--- Aim of the task ---
Return the data exactly, with all pictures removed.

--- Dataset extract ---
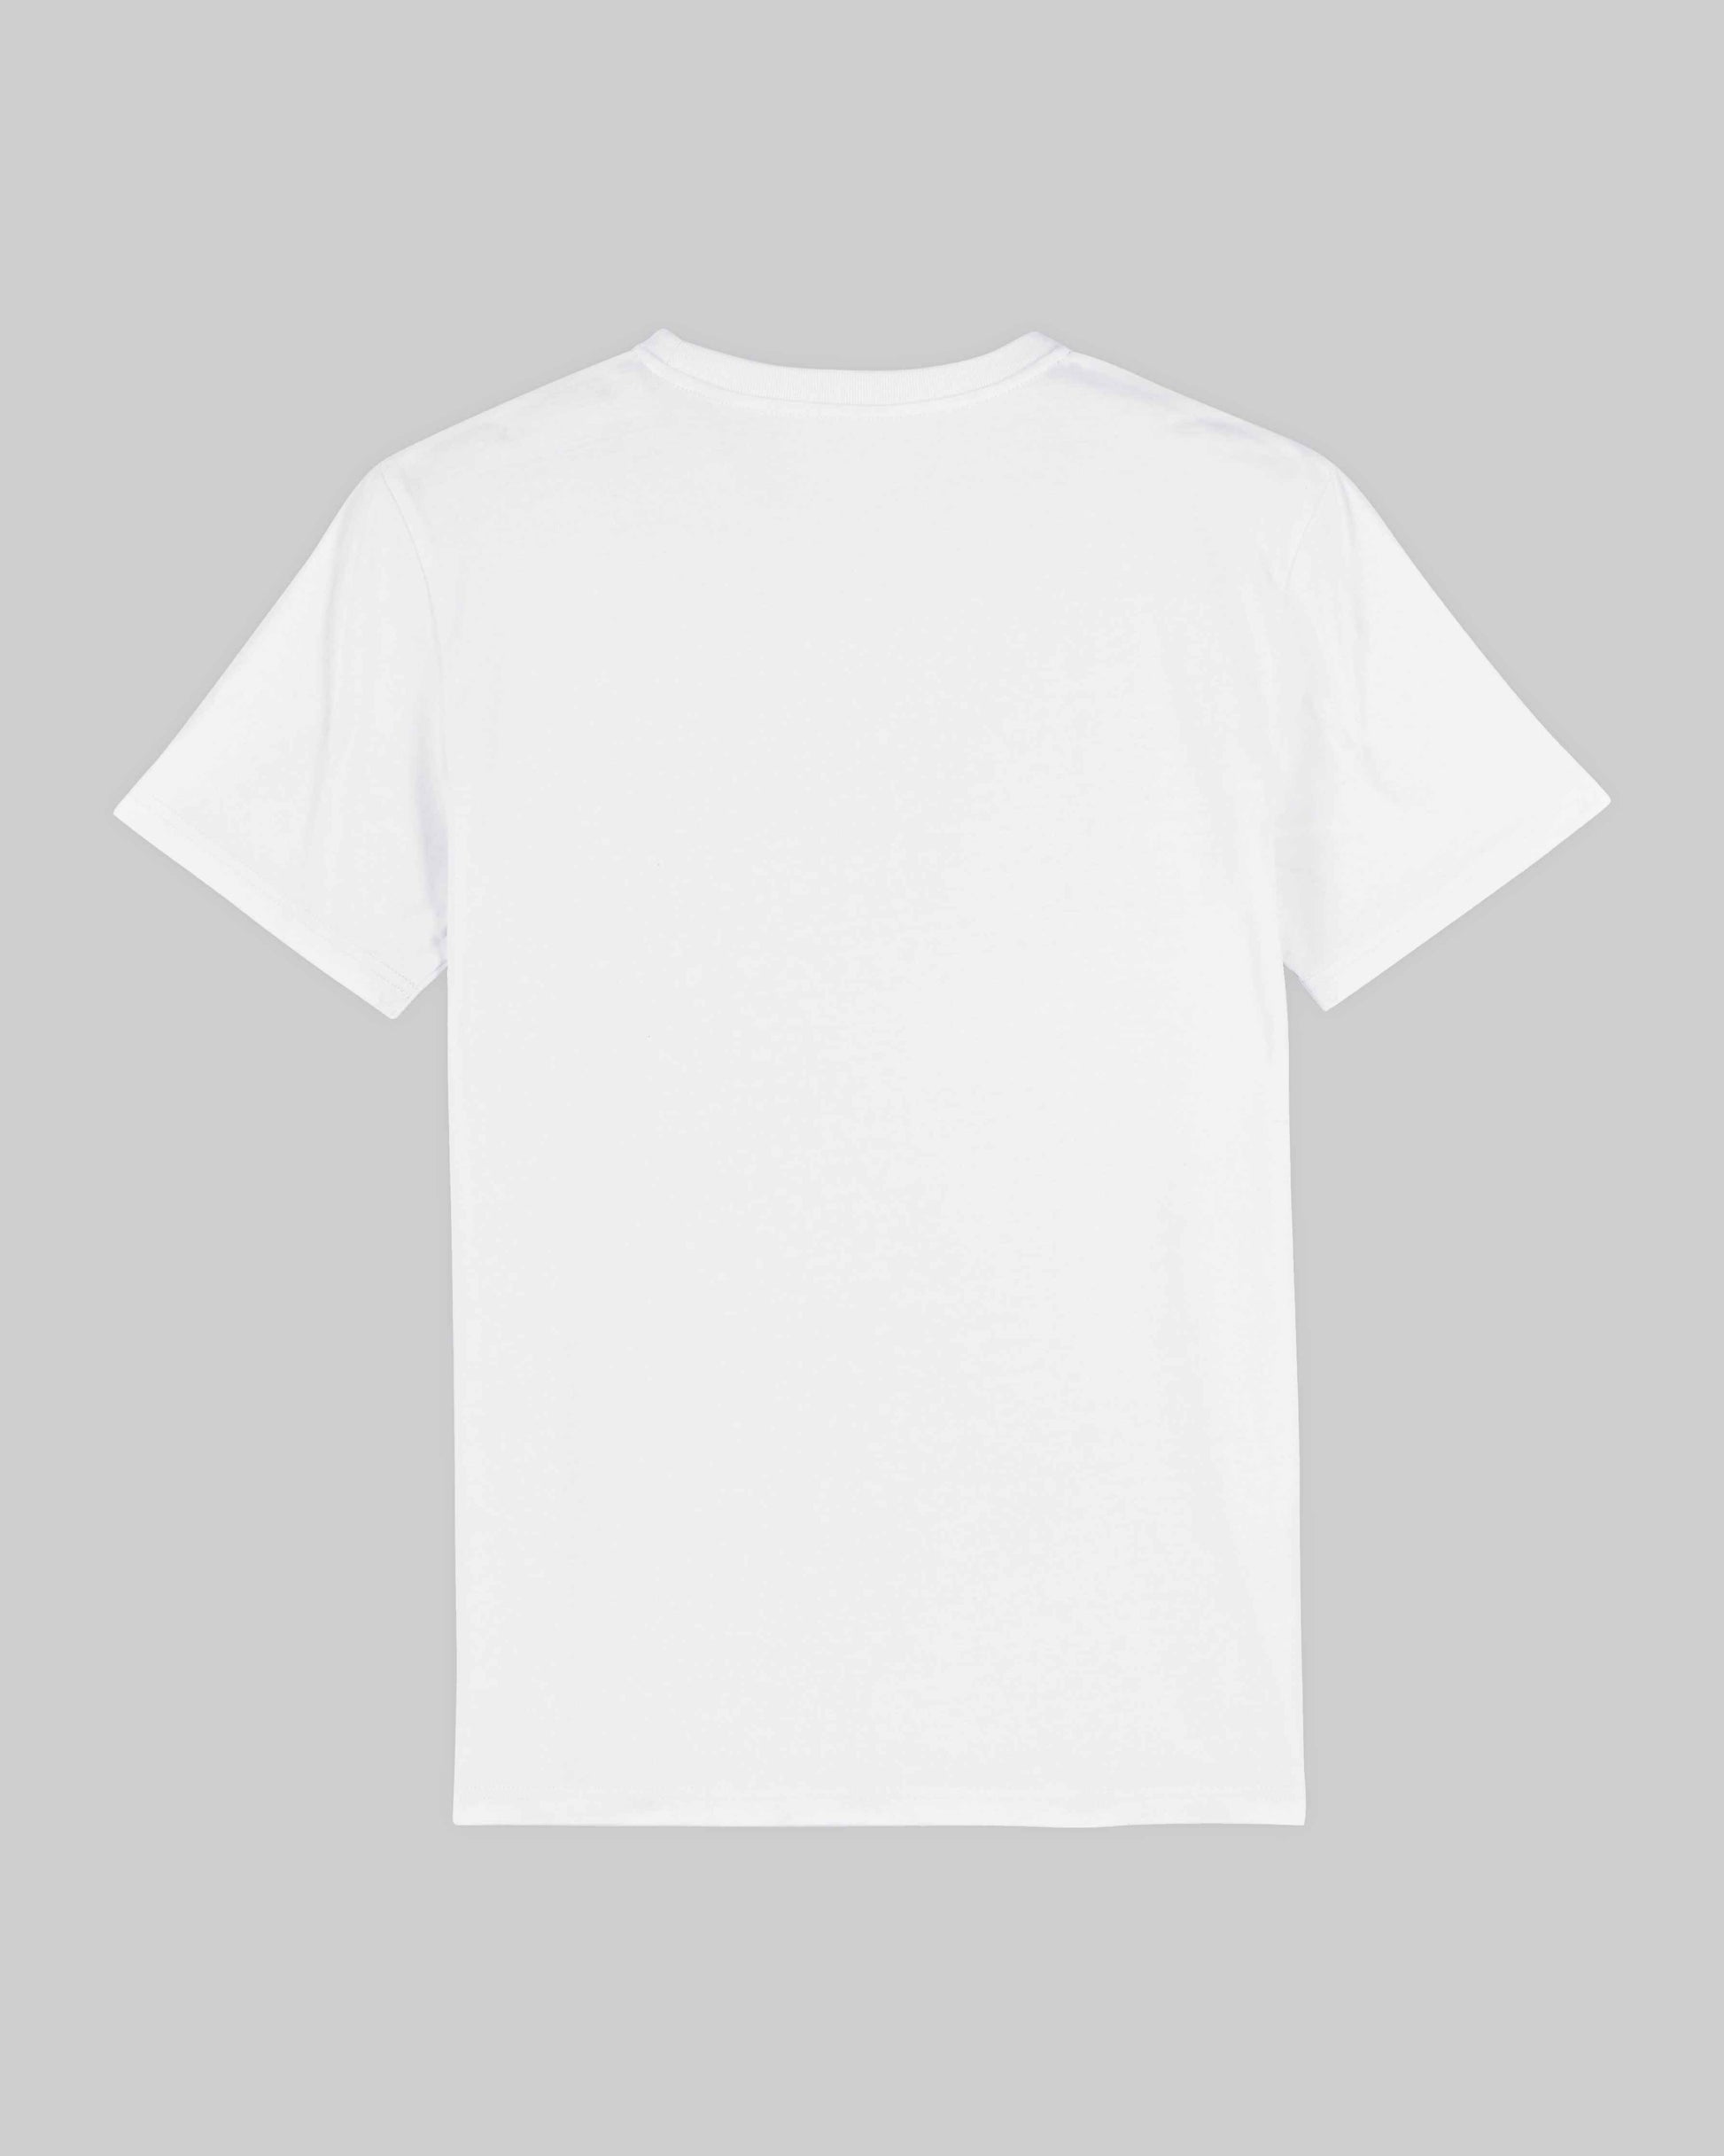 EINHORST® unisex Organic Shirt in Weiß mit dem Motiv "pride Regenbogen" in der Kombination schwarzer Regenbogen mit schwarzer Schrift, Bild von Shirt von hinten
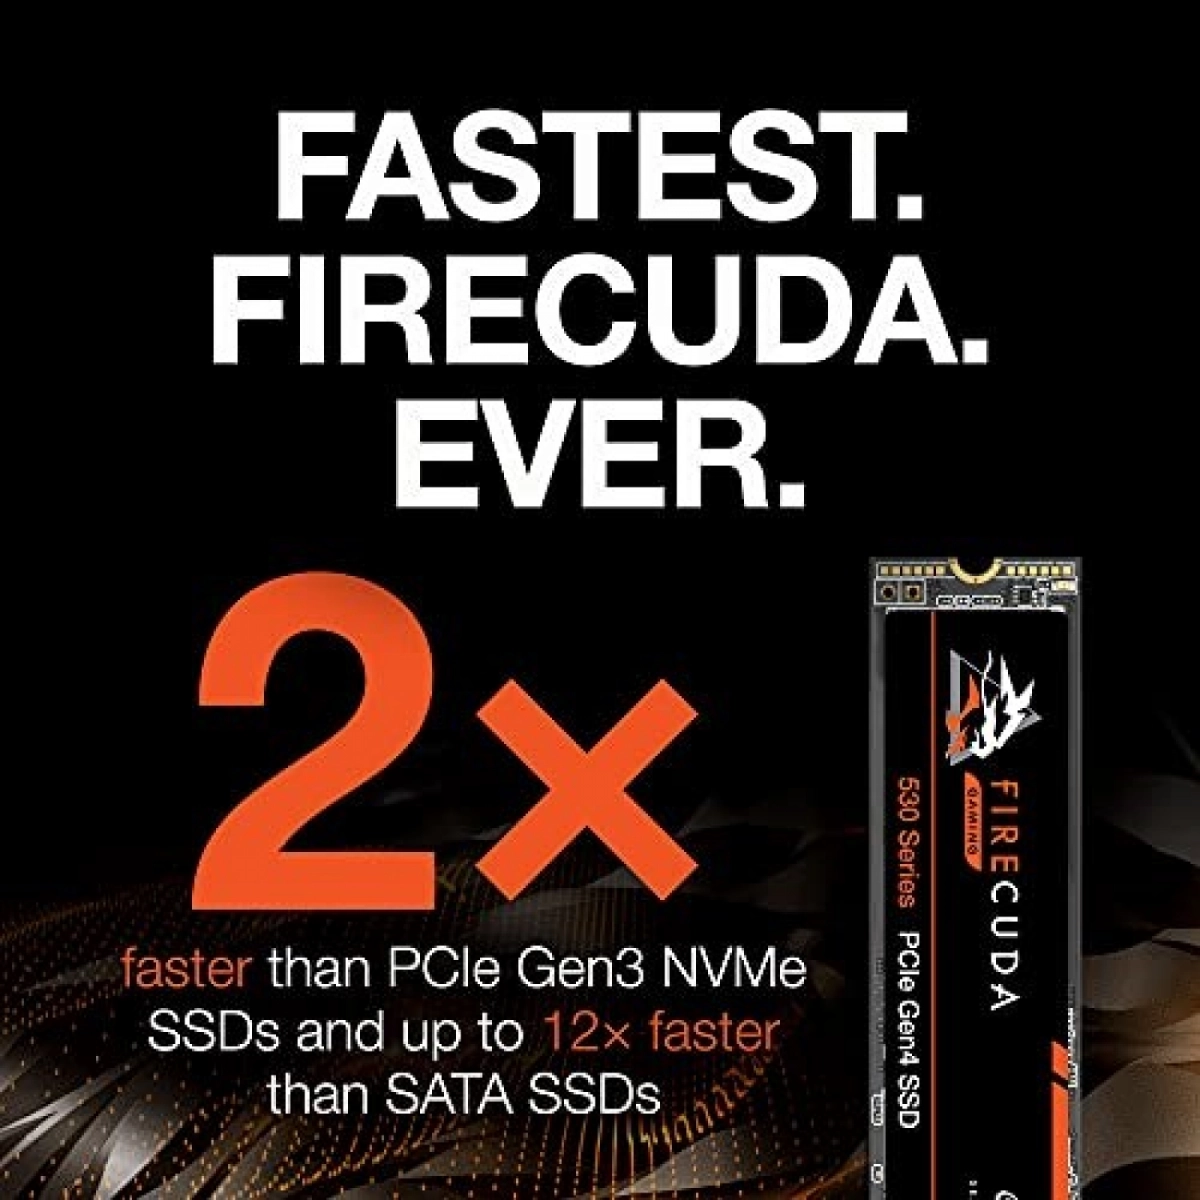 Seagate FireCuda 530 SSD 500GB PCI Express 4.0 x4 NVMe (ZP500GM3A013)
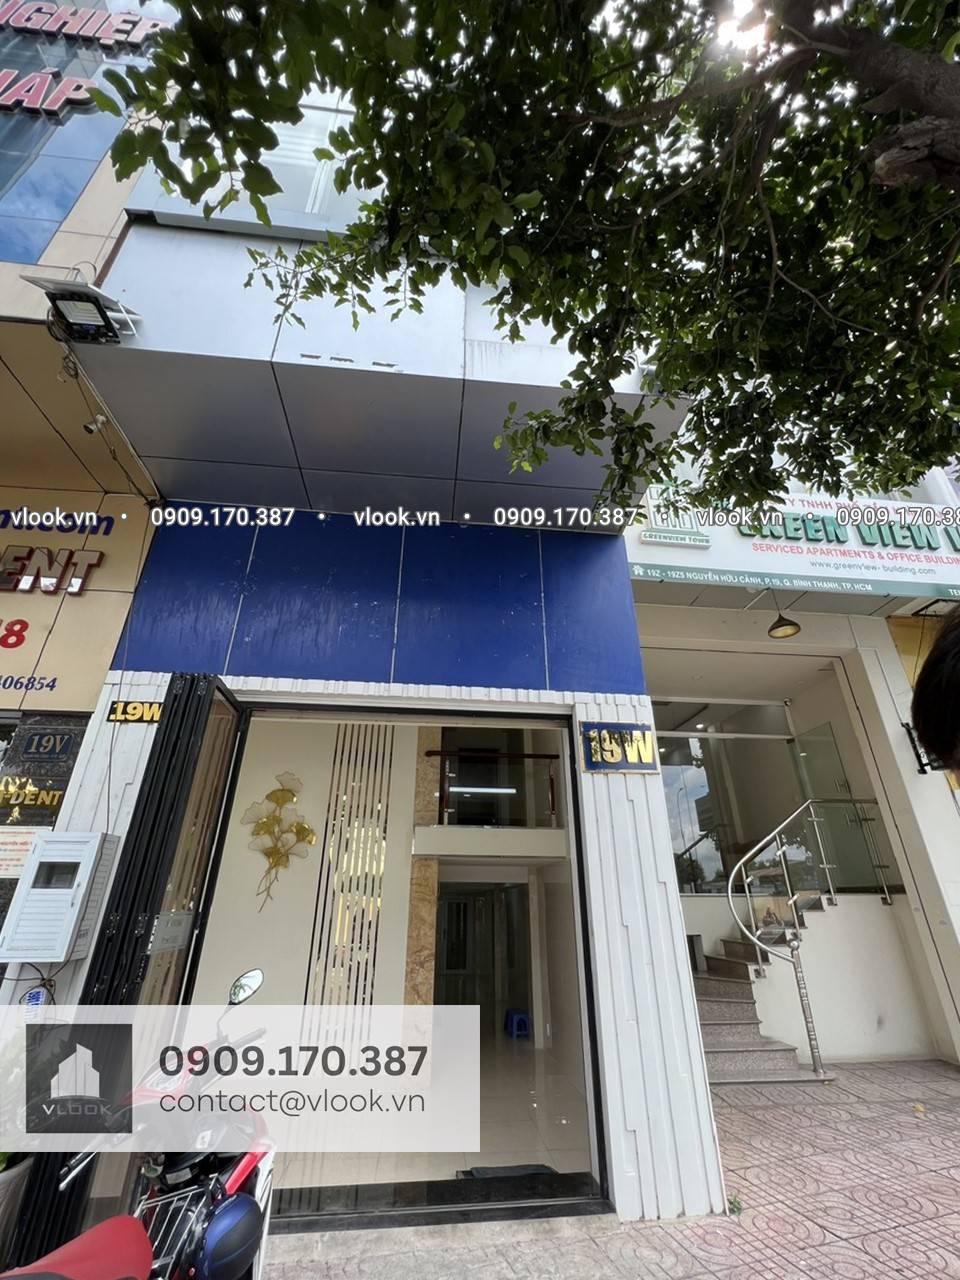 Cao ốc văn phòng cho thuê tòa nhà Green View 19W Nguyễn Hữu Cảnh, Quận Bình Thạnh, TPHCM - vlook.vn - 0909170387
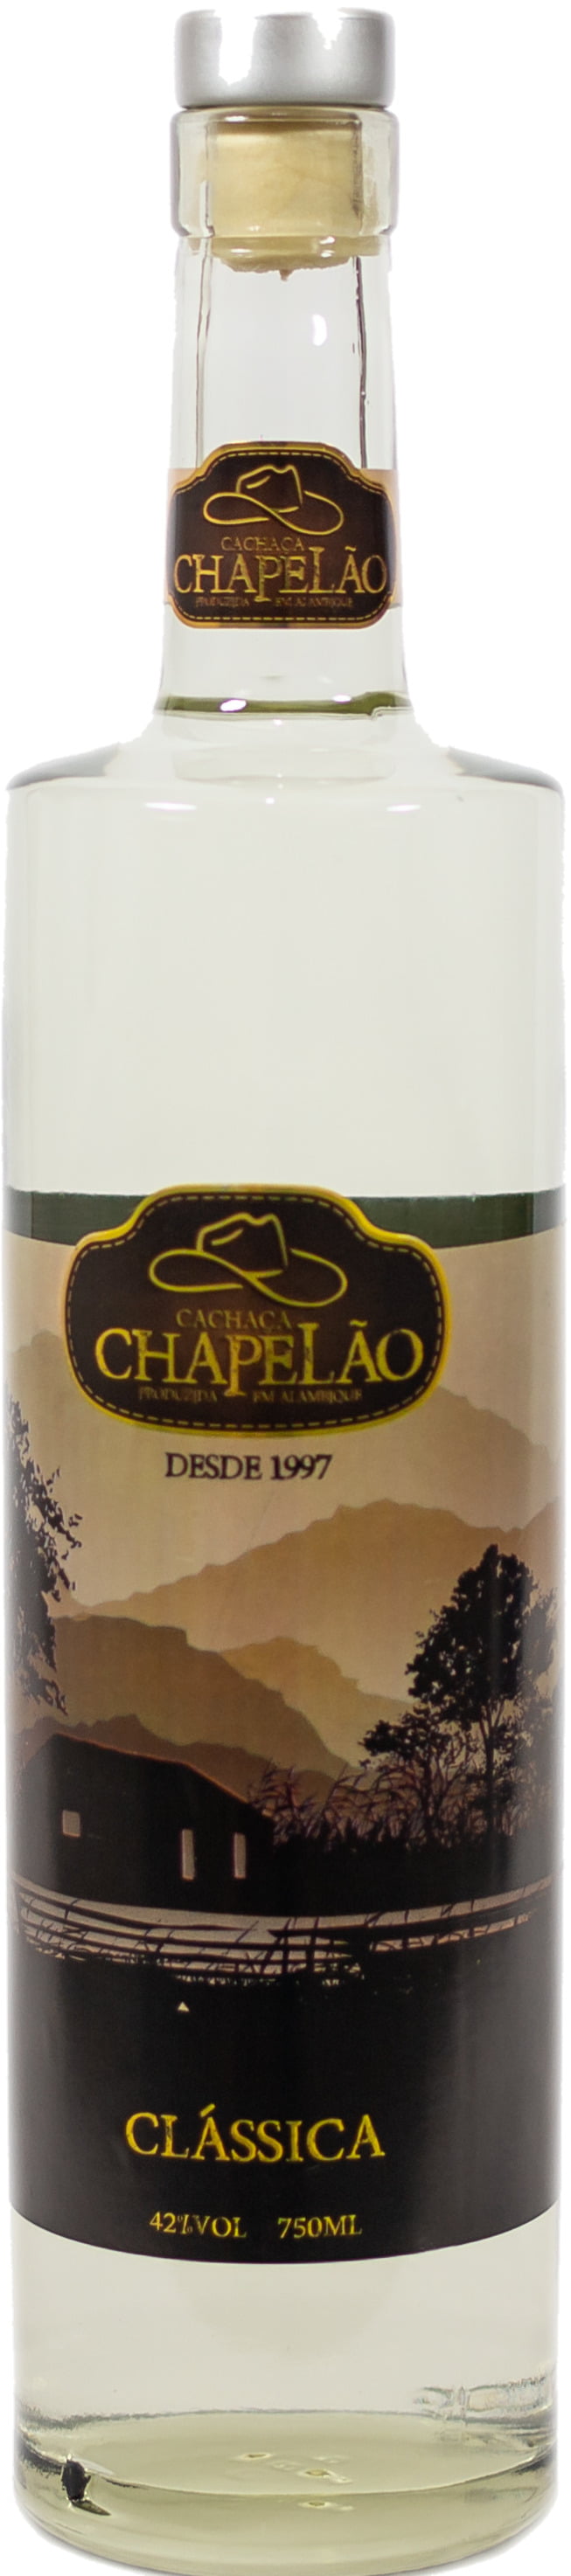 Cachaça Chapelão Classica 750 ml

--- Task answer ---
 EINHORST® unisex Organic Shirt in Weiß mit dem Motiv "pride Regenbogen" in der Kombination schwarzer Regenbogen mit schwarzer Schrift, Bild von Shirt von hinten
 Seagate FireCuda 530 SSD 500GB PCI Express 4.0 x4 NVMe (ZP500GM3A013)
 Cao ốc văn phòng cho thuê tòa nhà Green View 19W Nguyễn Hữu Cảnh, Quận Bình Thạnh, TPHCM - vlook.vn - 0909170387
 Cachaça Chapelão Classica 750 ml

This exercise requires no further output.